▶ _Task directions_
Write the data out again, character for character, with no images.
[Information shown]
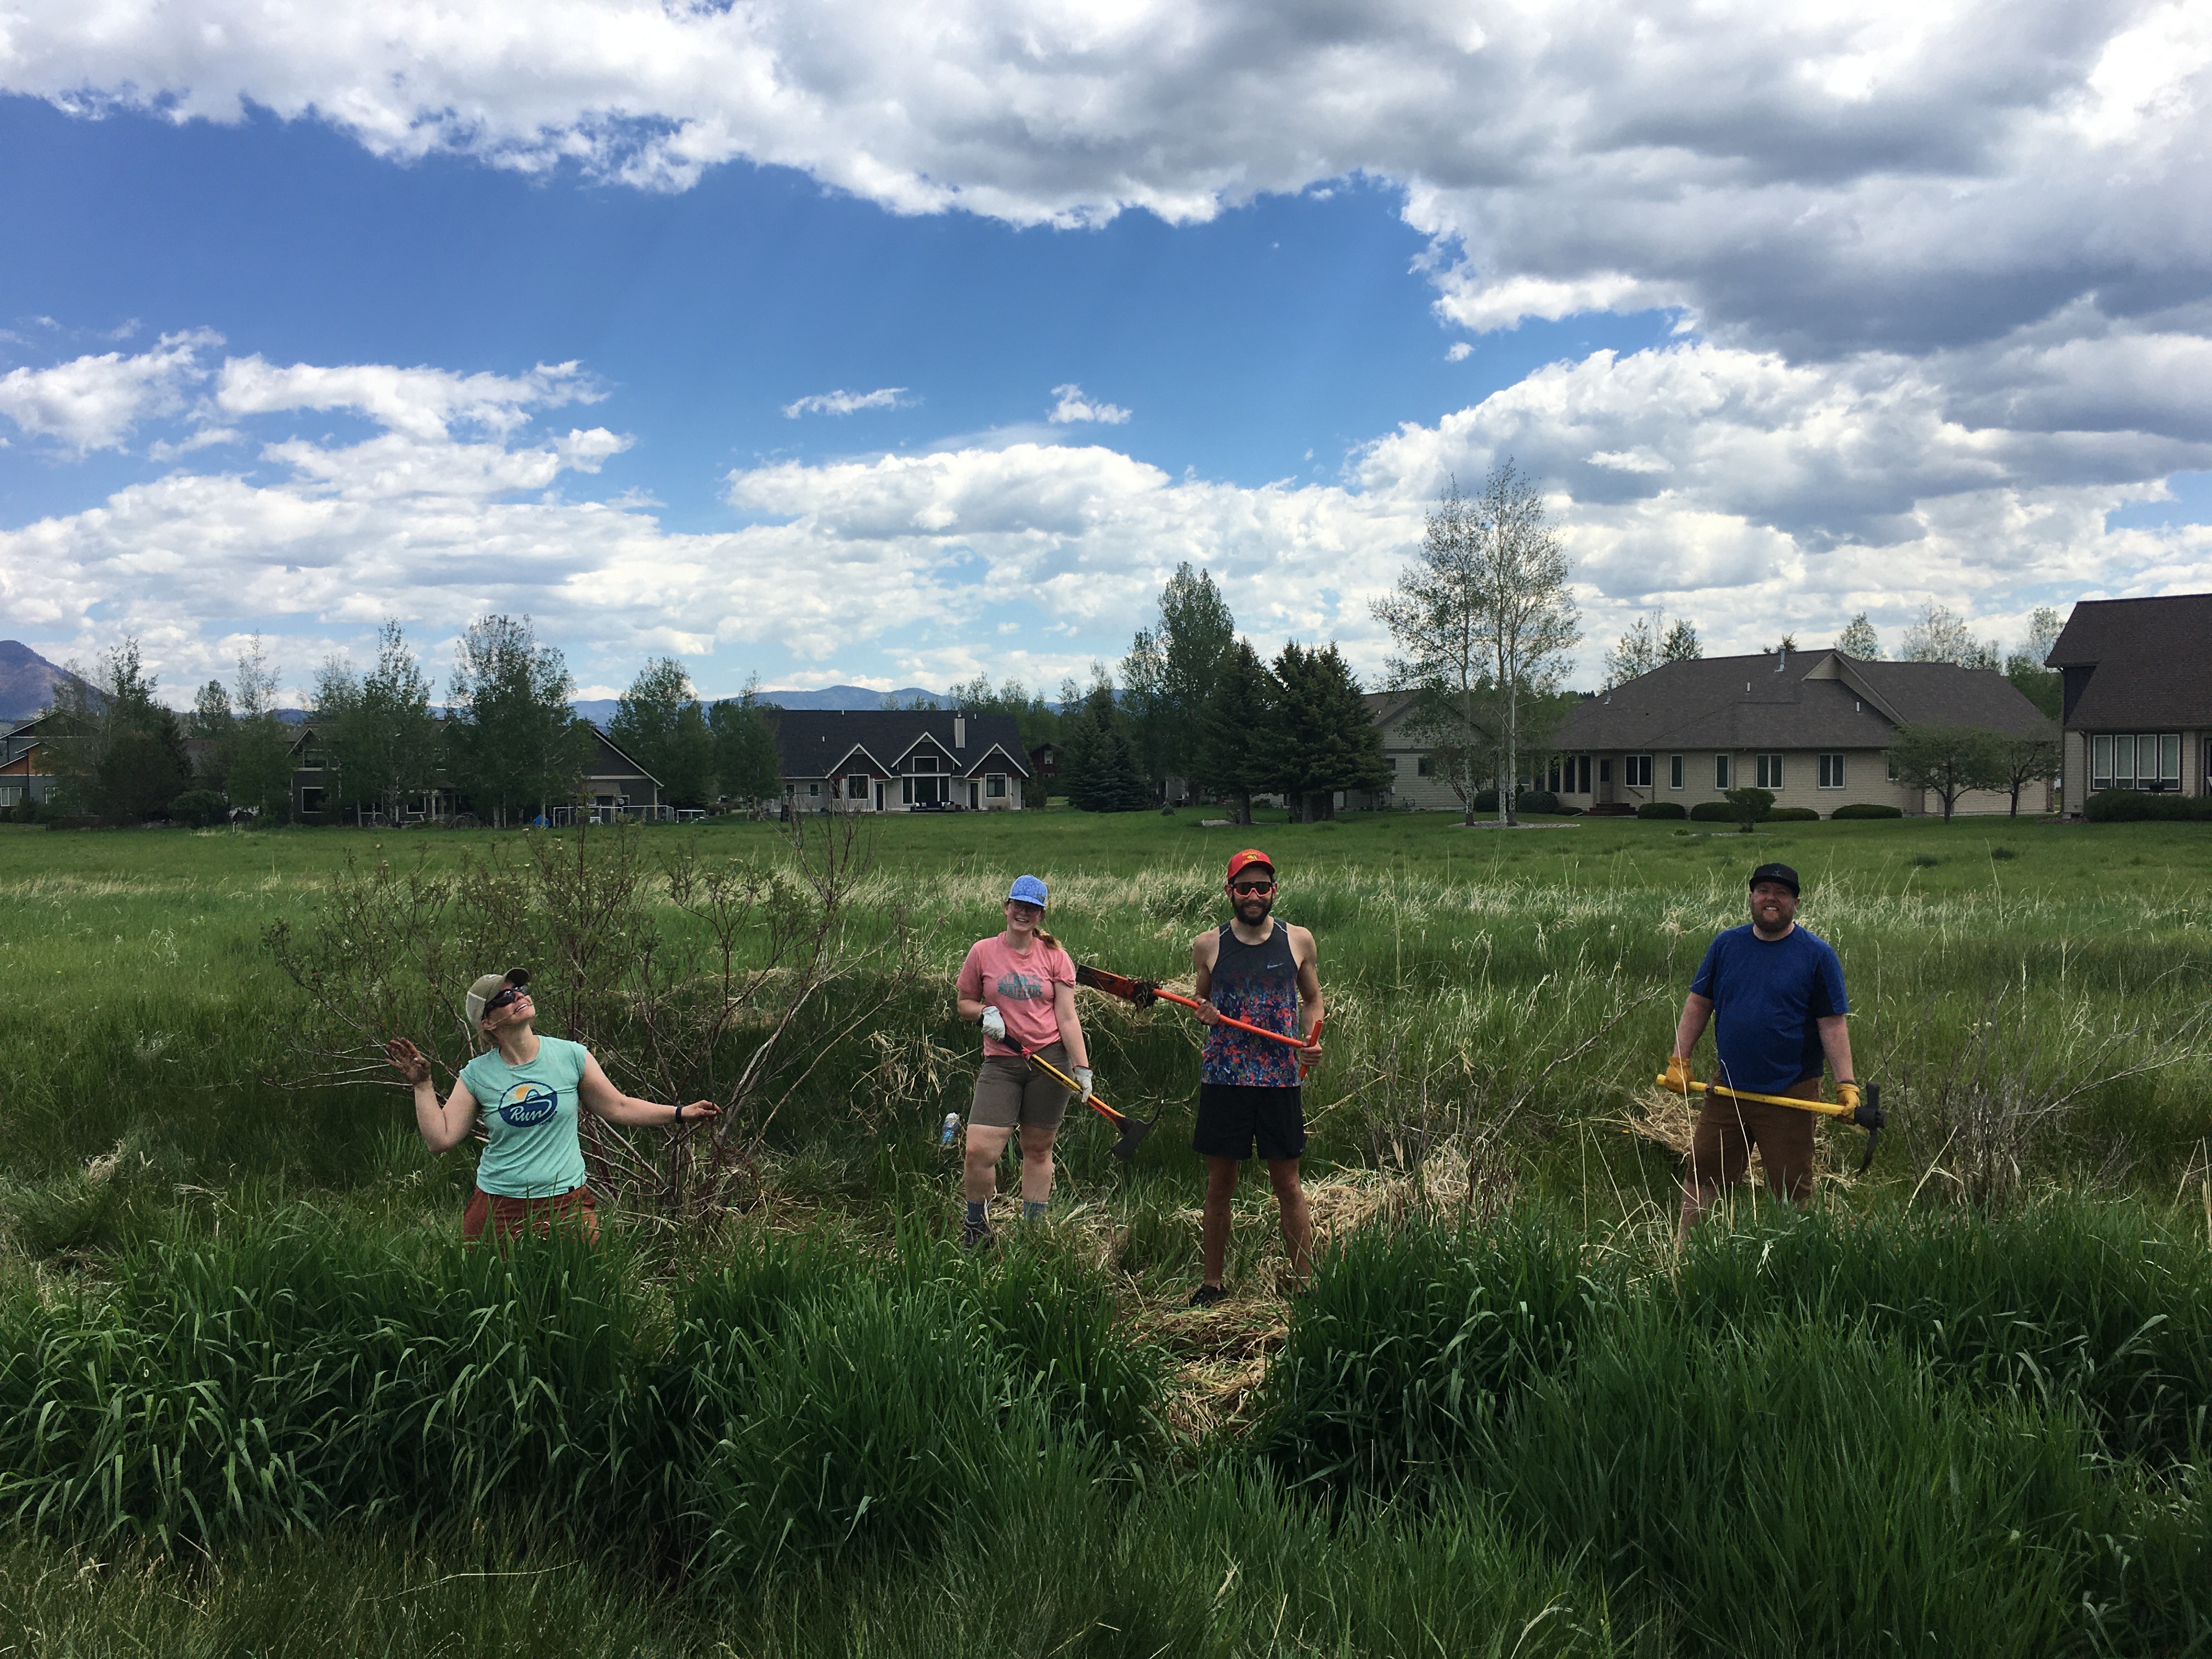 Planting bare root willows in the bank of an impaired stream in Bozeman, Montana on National Trails Day 2021.
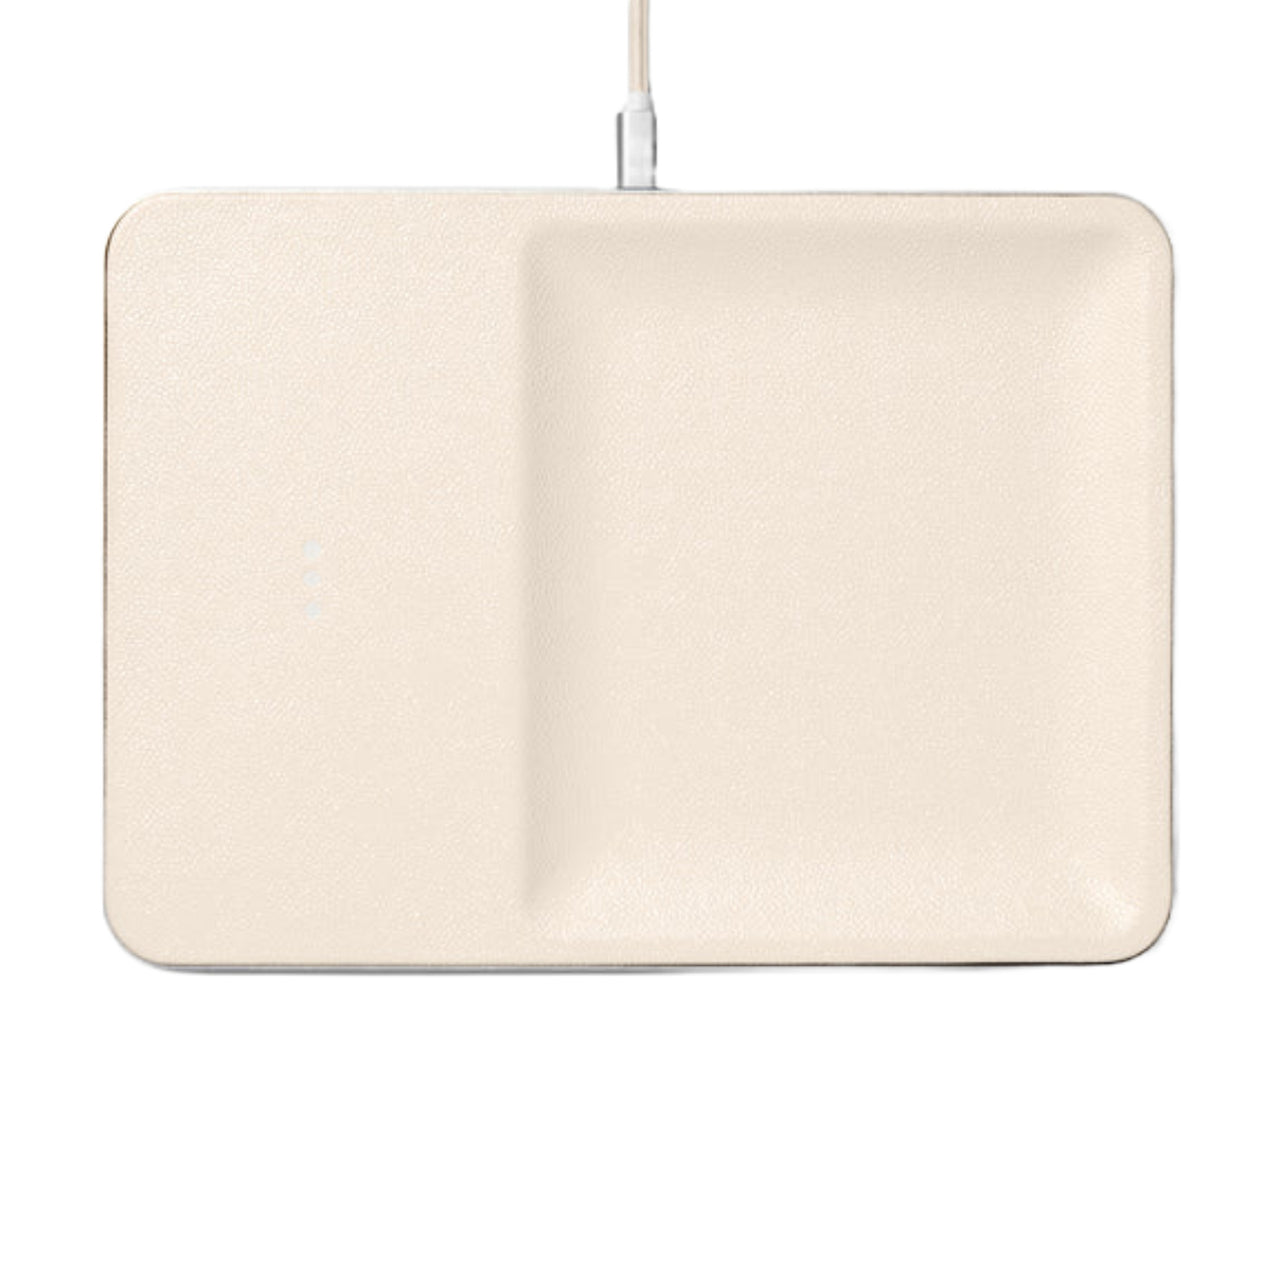 Catch 3 | Bone Leather Wireless Charger with Valet Tray
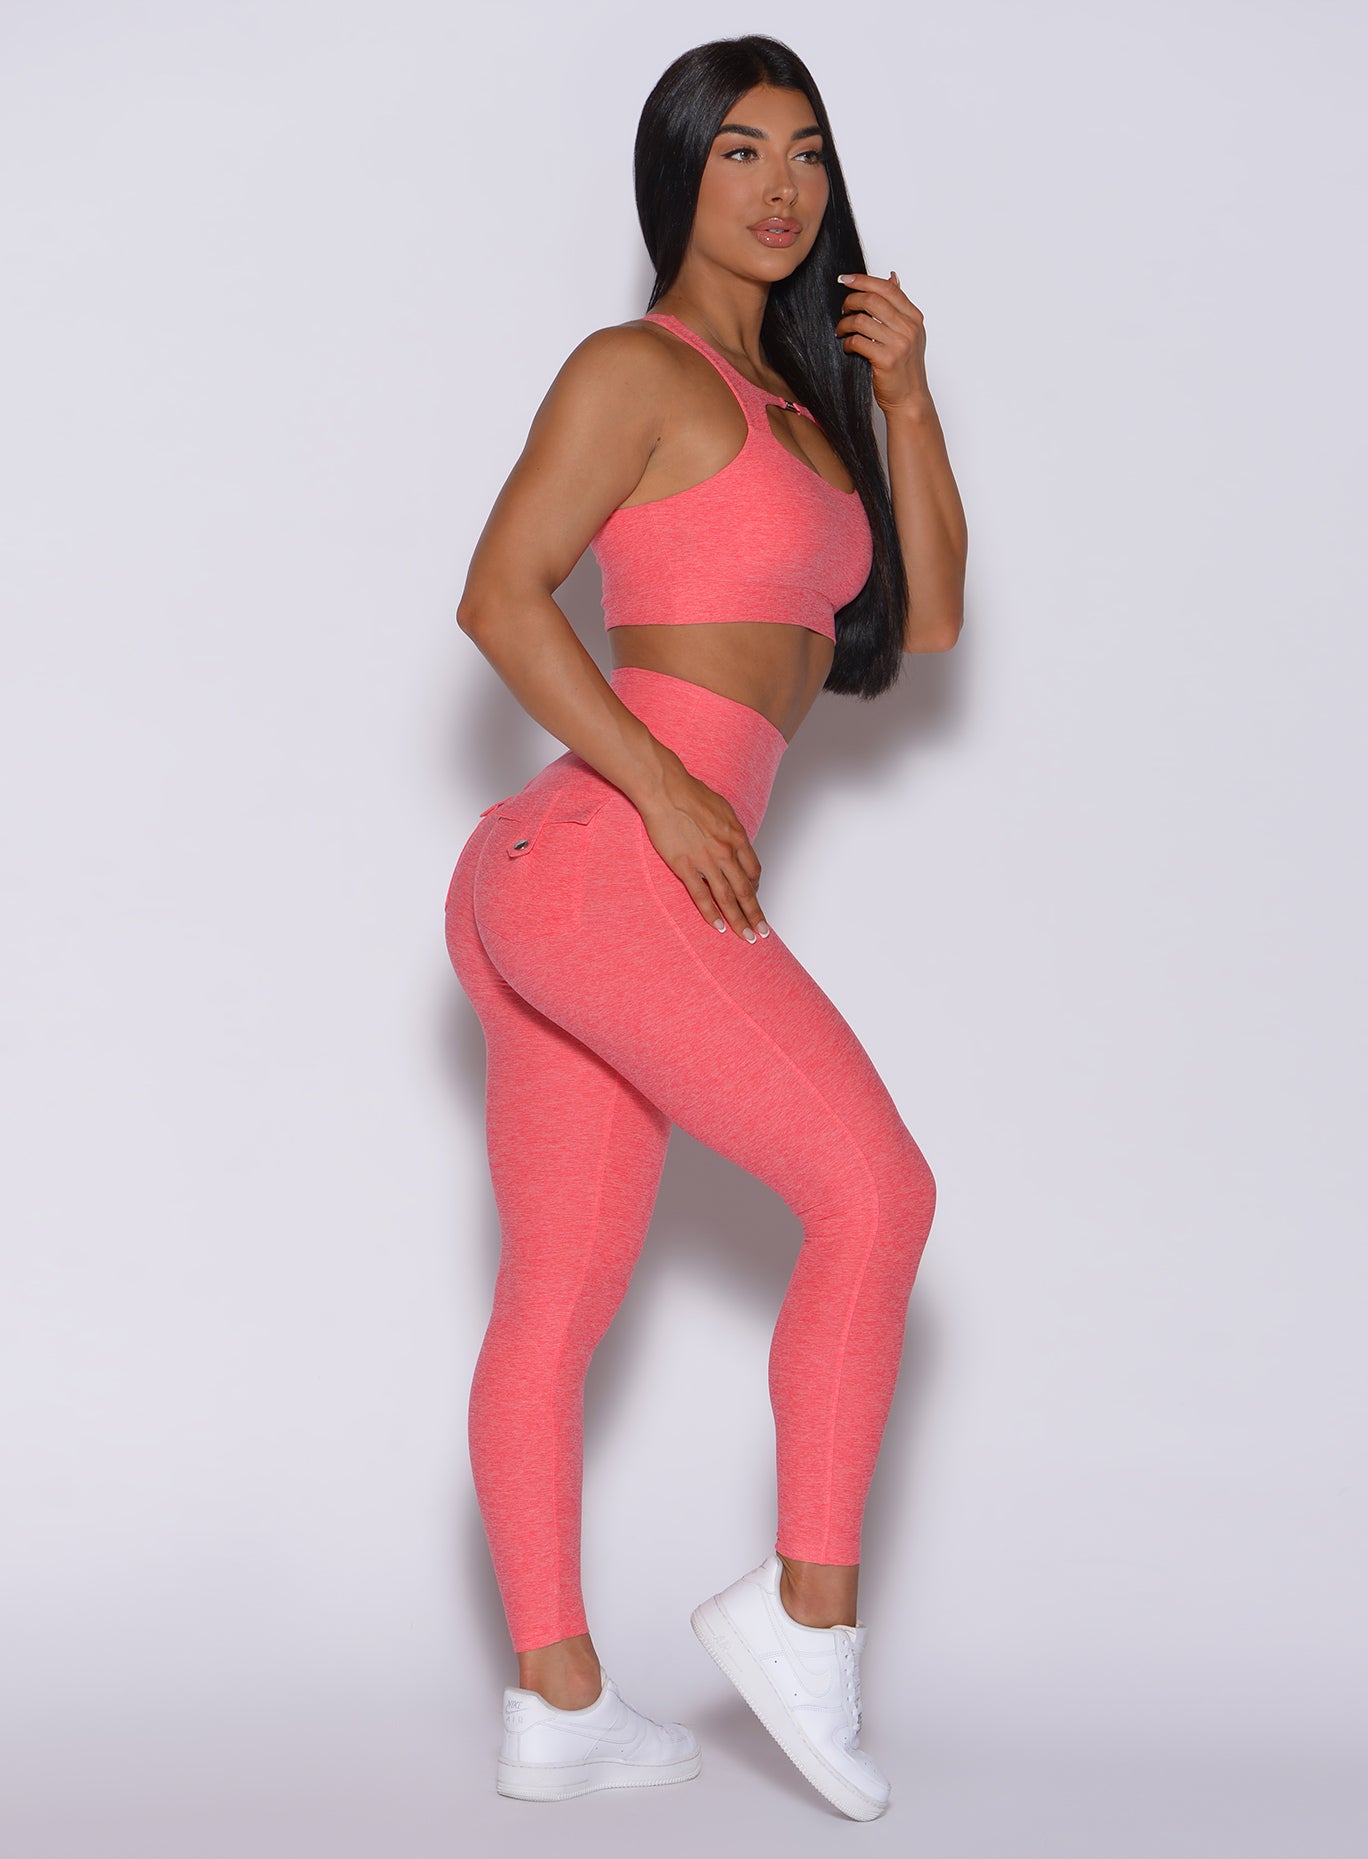 right side profile view of a model wearing our Pocket Pop Leggings in papaya color and a matching bra
[/Information shown]
▶ _Task result_
 Planting bare root willows in the bank of an impaired stream in Bozeman, Montana on National Trails Day 2021.
 Catch 3 | Bone Leather Wireless Charger with Valet Tray
 right side profile view of a model wearing our Pocket Pop Leggings in papaya color and a matching bra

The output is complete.